An information processing apparatus provided with a plurality of nodes each including at least one processor, a system controller, and a main memory, includes a status storage unit that stores statuses of a plurality of cache lines and that is capable of reading statuses of a plurality of cache lines by one reading operation, a recording unit that is provided in a system controller in at least one node and that records all or part of the statuses stored in the status storage unit, wherein the system controller records obtained statuses in the recording unit on a condition that all of the statuses of the plurality of cache lines obtained by reading the status storage unit are invalid statuses or shared statuses in different nodes when the system controller has read the status storage unit in response to a request.

Description

    CROSS-REFERENCE TO RELATED APPLICATION
  • This application is a continuation application of International Application PCT/JP2010/005756 filed on Sep. 23, 2010 and designated the U.S., the entire contents of which are incorporated herein by reference.
  • FIELD
  • The embodiments discussed herein are related to a memory accessing technique.
  • BACKGROUND
  • A large-scale information processing apparatus having a plurality of central processing units (CPUs) employs a configuration in which a plurality of nodes are connected via system controllers. For connections between system controllers, crossbars are used. The performance of this type of information processing apparatuses is greatly influenced by latency in the memory control.

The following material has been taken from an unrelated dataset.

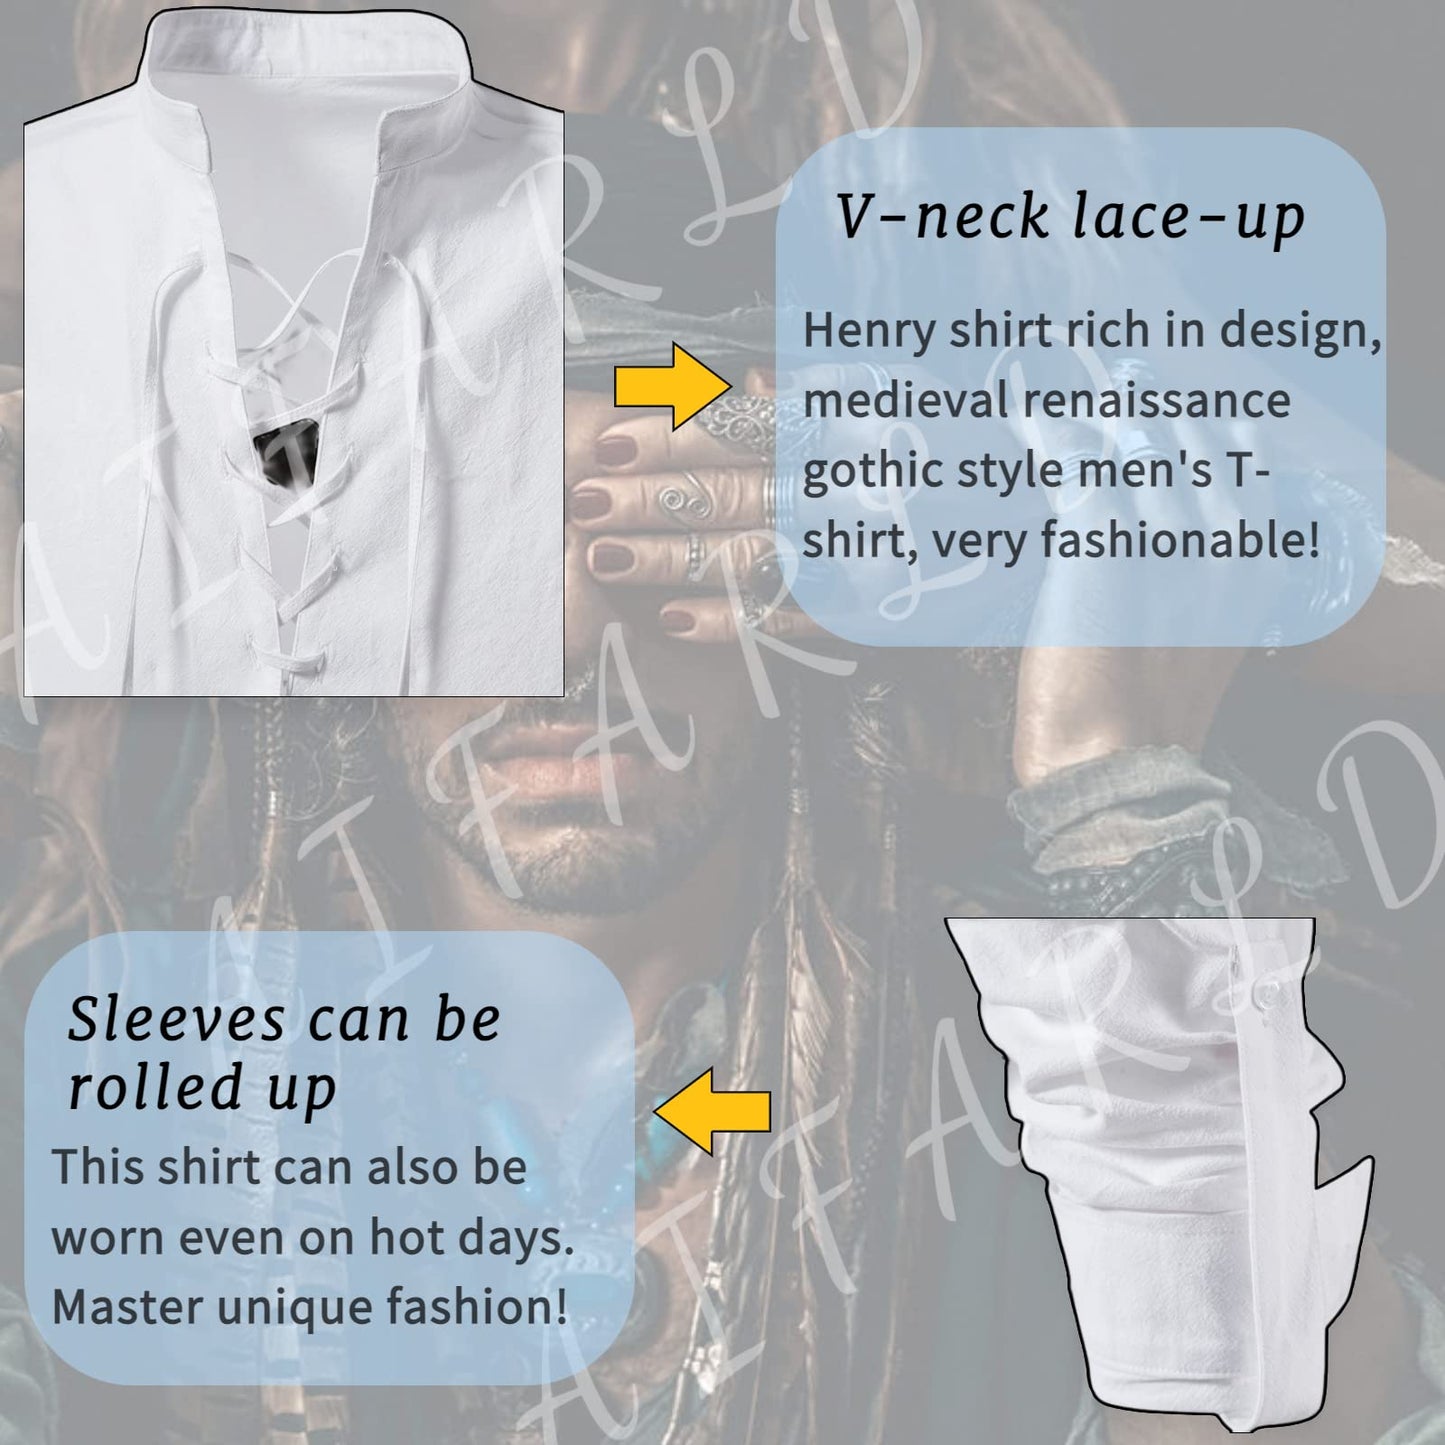 Men's Long Sleeve Shirts Retro Style Lace up for Medieval,Viking,Hippie Halloween Cosplay Pirate Renaissance Costume Large White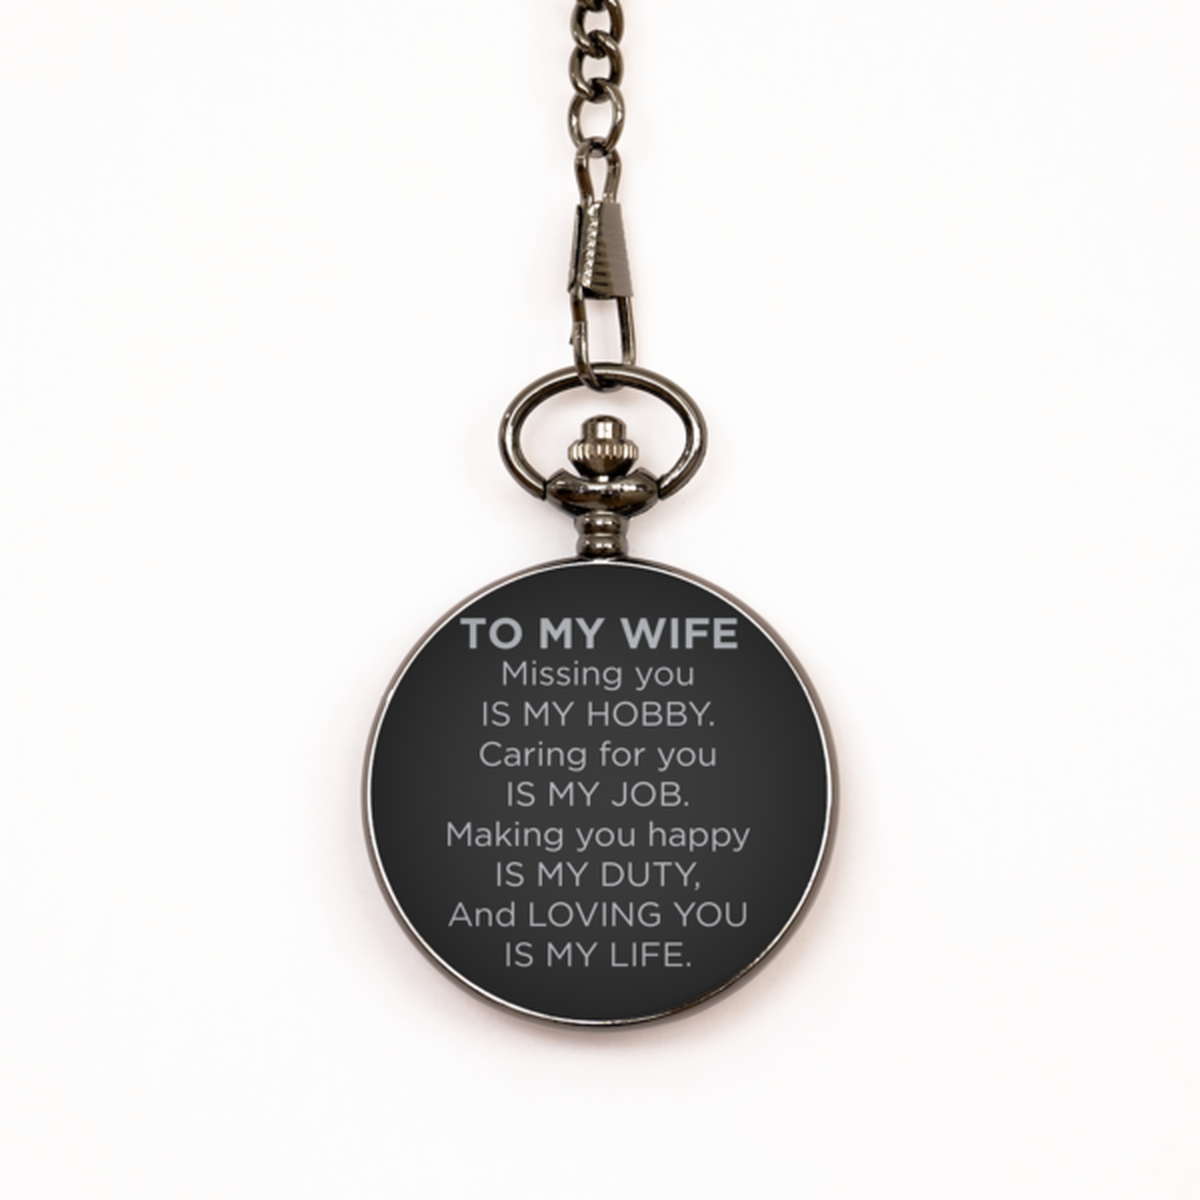 To My Wife Black Pocket Watch, Loving You Is My Life, Birthday Gifts For Wife From Husband, Valentines Gifts For Women

  • Regarding memory control, a configuration is known in which cache data corresponding to main data stored in a main memory of the node holds identification information related to the main data not stored in cache memories of a plurality of nodes other than the node (For example, Japanese Laid-open Patent Publication No. 2009-223759).
  • Regarding memory control, a configuration is known in which access request processing time is reduced by reducing the number of times of issuing snoops, which maintain the coherence between cache memories (for example, Japanese Laid-open Patent Publication No. 2008-310414).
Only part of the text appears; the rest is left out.